In a partnership form of business, a trade agreement made by any one owner becomes legally binding for the other partners. This is due to the fact that every partner is, by rule, both agent and a principal. So each partner acts as an agent of the firm and binds all other partners, and each partner is also principal of the firm, so he is bound by the action of other partners

  1. The business assets of an organisation amount to Rs. 50,000, but the debts that remain unpaid are Rs. 80,000. What course of action can the creditors take if
    (a) The organisation is a sole proprietorship firm
    (b) The organisation is a partnership firm with Anthony and Akbar as partners. Which of the two partners can the creditors approach for repayment of the debt? Explain, giving reasons.

(a) As the sole proprietor has unlimited liability in the case of a sole proprietorship, creditors can claim the personal assets of the proprietor in case of debt repayment.

(b) The creditors can approach both partners, Anthony and Akbar, and they need to pay as per their share in the partnership. If one of the partners becomes insolvent, then the other partner can be approached for debt repayment.

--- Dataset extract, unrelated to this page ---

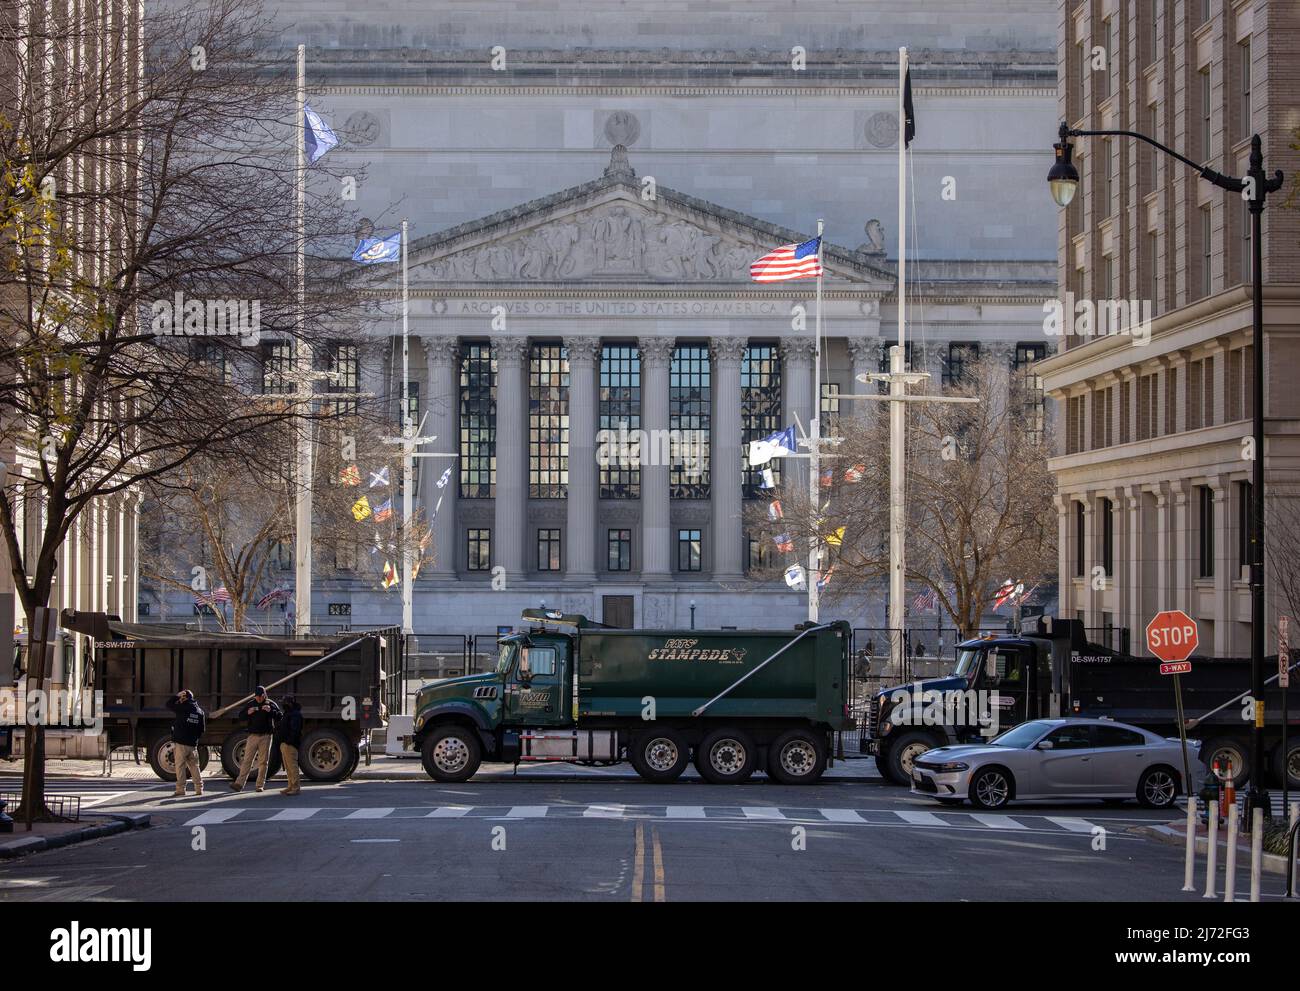 WASHINGTON, D.C. – 19. Januar 2021: Die Polizei des US-Geheimdienstes wird in der Nähe des National Archives Building in Washington, D.C. gesehen Stockfoto

  1. Neha is a sole proprietor. Over the past decade, her business has grown from operating a neighbourhood corner shop selling accessories such as artificial jewellery, bags, hair clips and nail art to a retail chain with three branches in the city. Although she looks after the varied functions in all the branches, she wonders whether she should form a company to manage the business better. She also has plans to open branches countrywide.
    (a) Explain two benefits of remaining a sole proprietor
    (b) Explain two benefits of converting to a joint stock company
    (c) What role will her decision to go nationwide play in her choice of form of the organisation?
    (d) What legal formalities will she have to undergo to operate the business as a company?

(a) The benefits of remaining a sole proprietor are listed below:

  1. All profits of the business are owned by a sole proprietor
  2. Independent decision-making can be done in the case of a sole proprietorship

(b) The following are two benefits of converting to a joint stock company.

  1. Capital can be expanded by the issue of new shares.
  2. The owners’ liability is limited only to the amount invested by them as capital.

(c) A joint stock company will best serve her interest if the plan is to go nationwide.

(d) The following formalities need to be completed for operating a joint stock company:

  1. Company promotion
  2. Creating necessary documents such as a Memorandum of Association (MoA), Article of Association (AoA) and the mandatory agreement and declaration.